The business case for sustainable finance policy
Over the past 12 months, the COVID-19 pandemic has clearly demonstrated that even in the worst of economic crises, investors that factor environmental, social and governance (ESG) issues into their investment decisions perform better, and so does the average retirement saver and retail investor. Now, as the U.S. begins to emerge from what has been a dark year, there is a unique opportunity for the U.S. to catch up and even surpass the rest of the world by modernizing investment practices and helping American savers reap the economic gains from long-term, sustained economic growth.
That is why the Principles for Responsible Investment (PRI), which represents over 3,500 investors managing over $100 trillion in AUM — equivalent to the annual GDP of China — is calling for the U.S. to step up to the plate and take a leading role in global efforts to shift to sustainable financial practices.

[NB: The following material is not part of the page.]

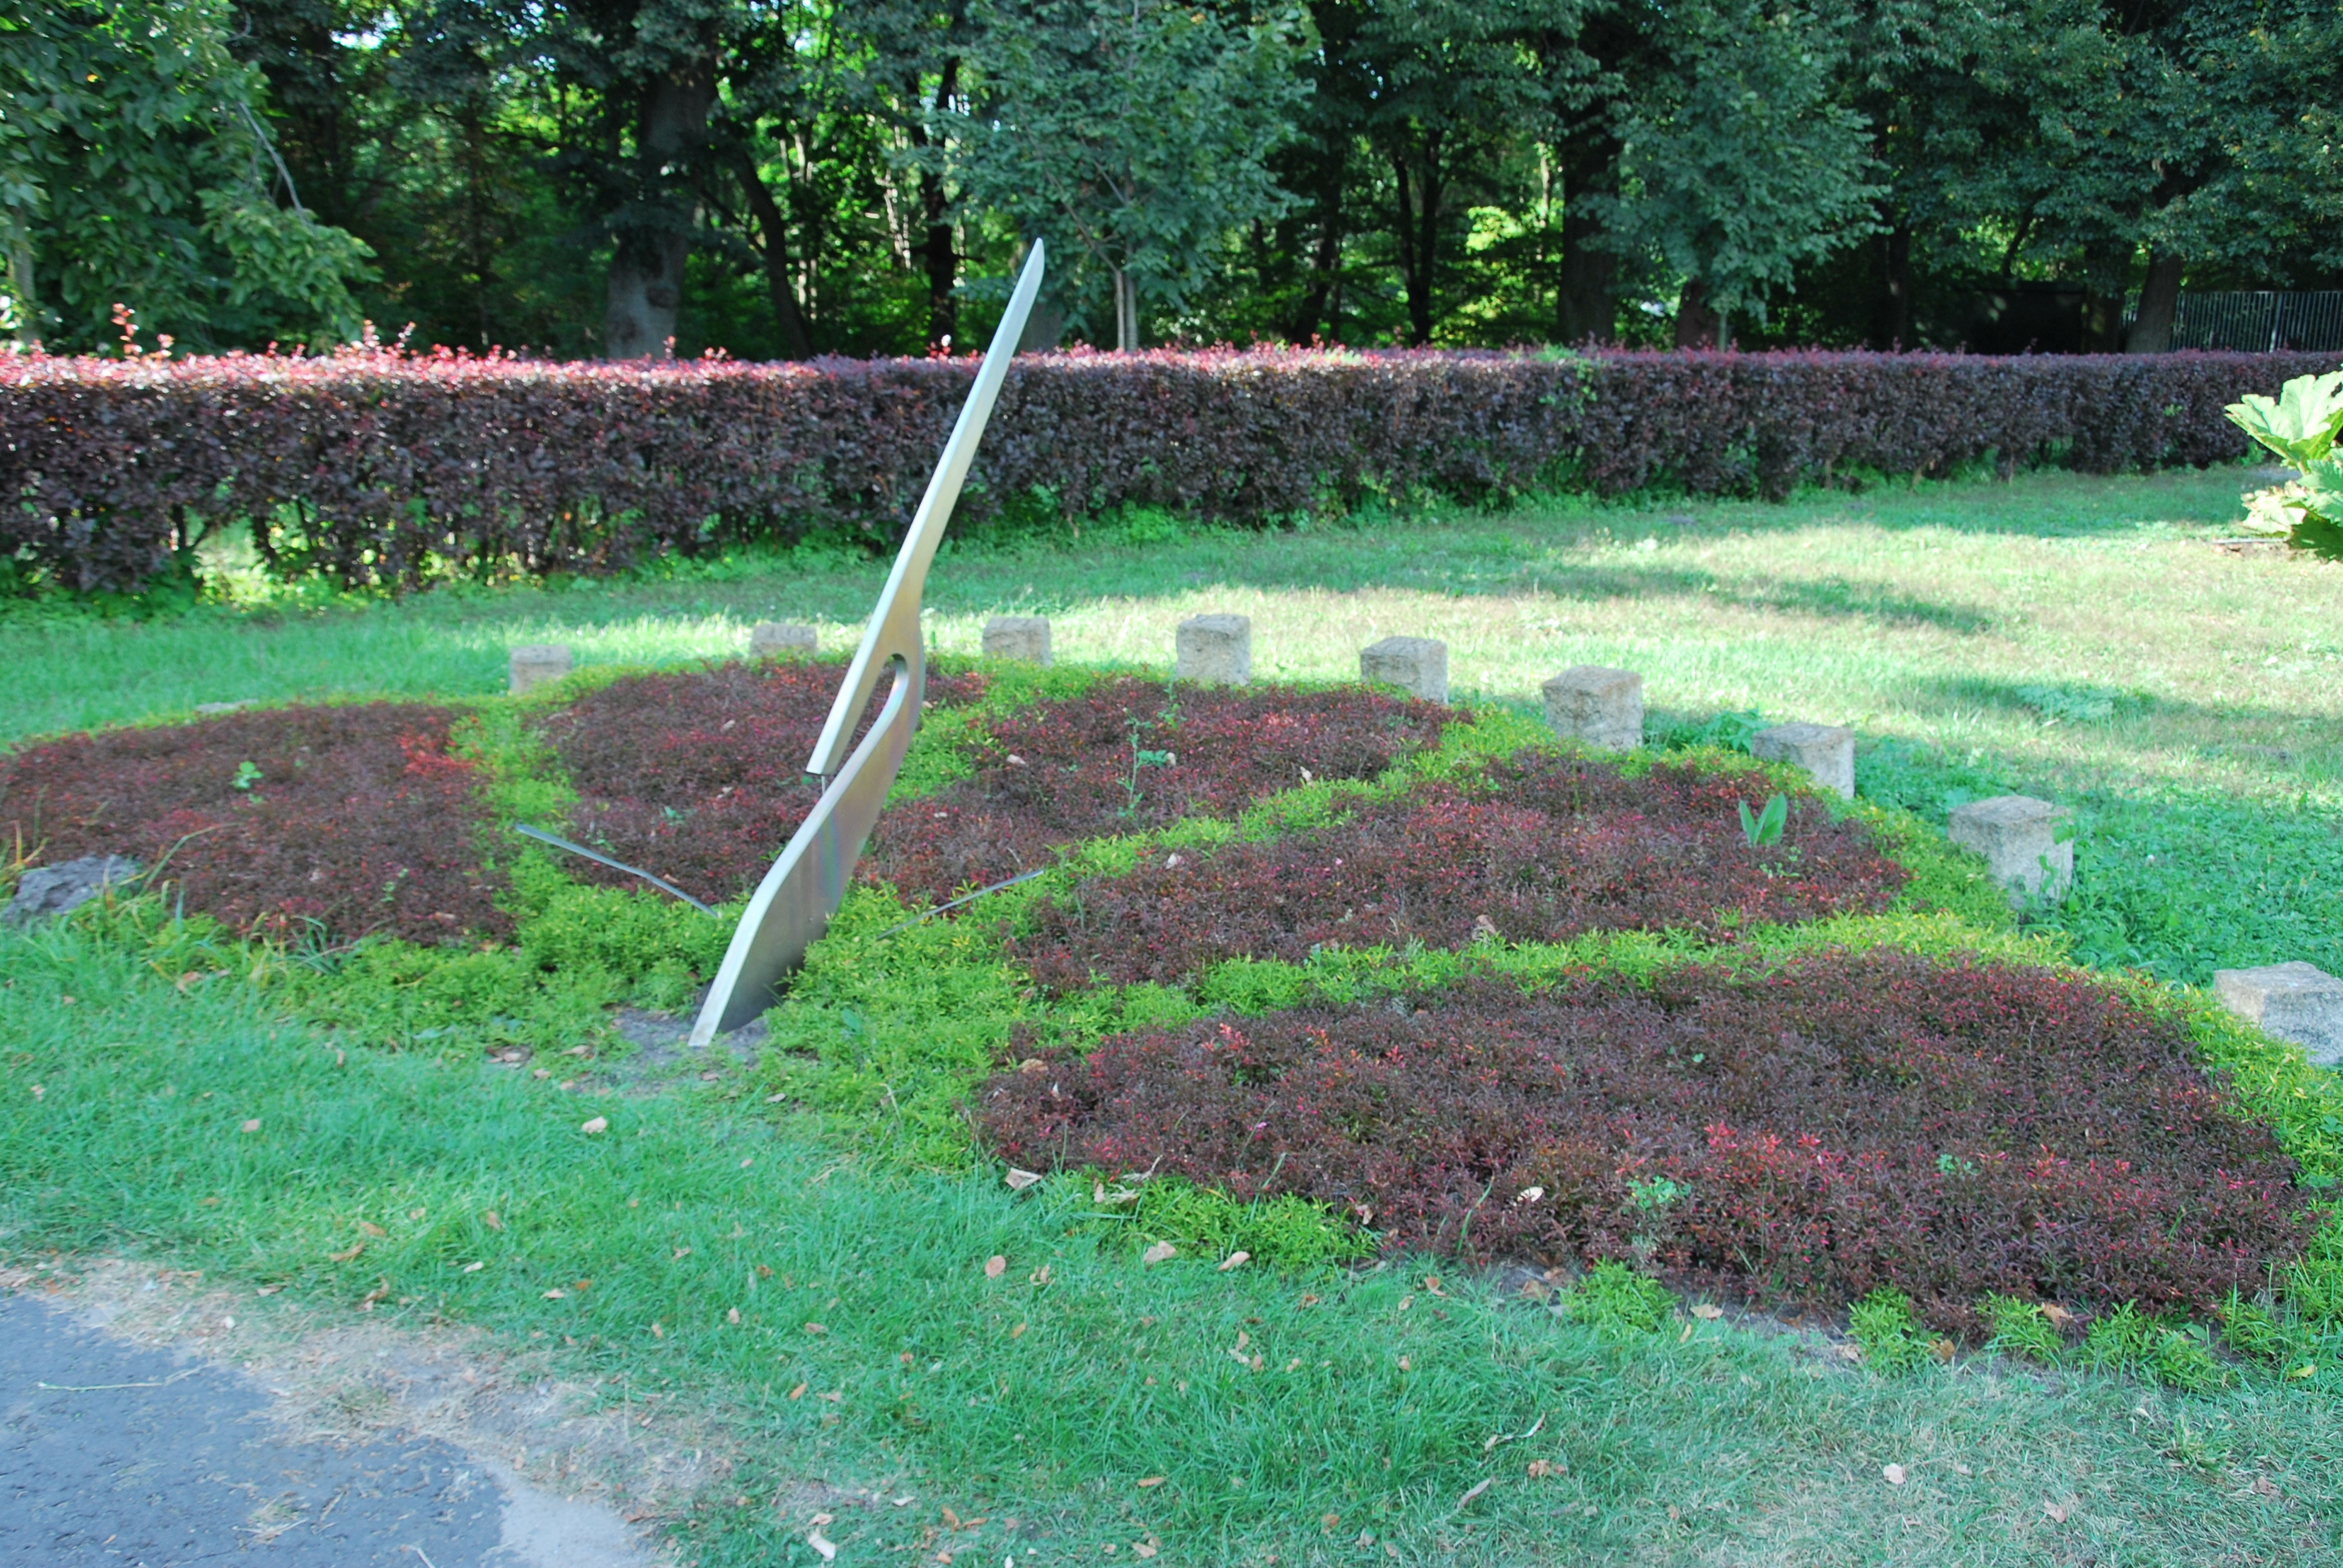 File:Floral Sundial, Botanical Garden Łódź

As members of Congress prioritize the country’s economic recovery from the pandemic, it is vital to highlight that profitability and ESG integration are not mutually exclusive. When General Motors recently announced its plans to move to an all-electric fleet by 2035, its stock price jumped by 3.5 percent. And similarly, since activist shareholders launched a campaign to push Exxon to work towards net-zero greenhouse gas emissions by 2050, the oil giant outperformed Chevron. These tangible examples from the auto and oil industries illustrate a broader truth: investing in companies with a proven commitment to ESG issues is good for 401(k)s.
Over the course of 2020, we have seen how purposeful companies, with stronger ESG profiles, have outperformed their peers. And investors, corporations and governments alike are waking up to this fact. Larry Fink, CEO of Blackrock, the world’s largest investor, highlighted exactly this in his annual letter to shareholders. He cited a “sustainability premium” that companies considering ESG factor have been returning to shareholders.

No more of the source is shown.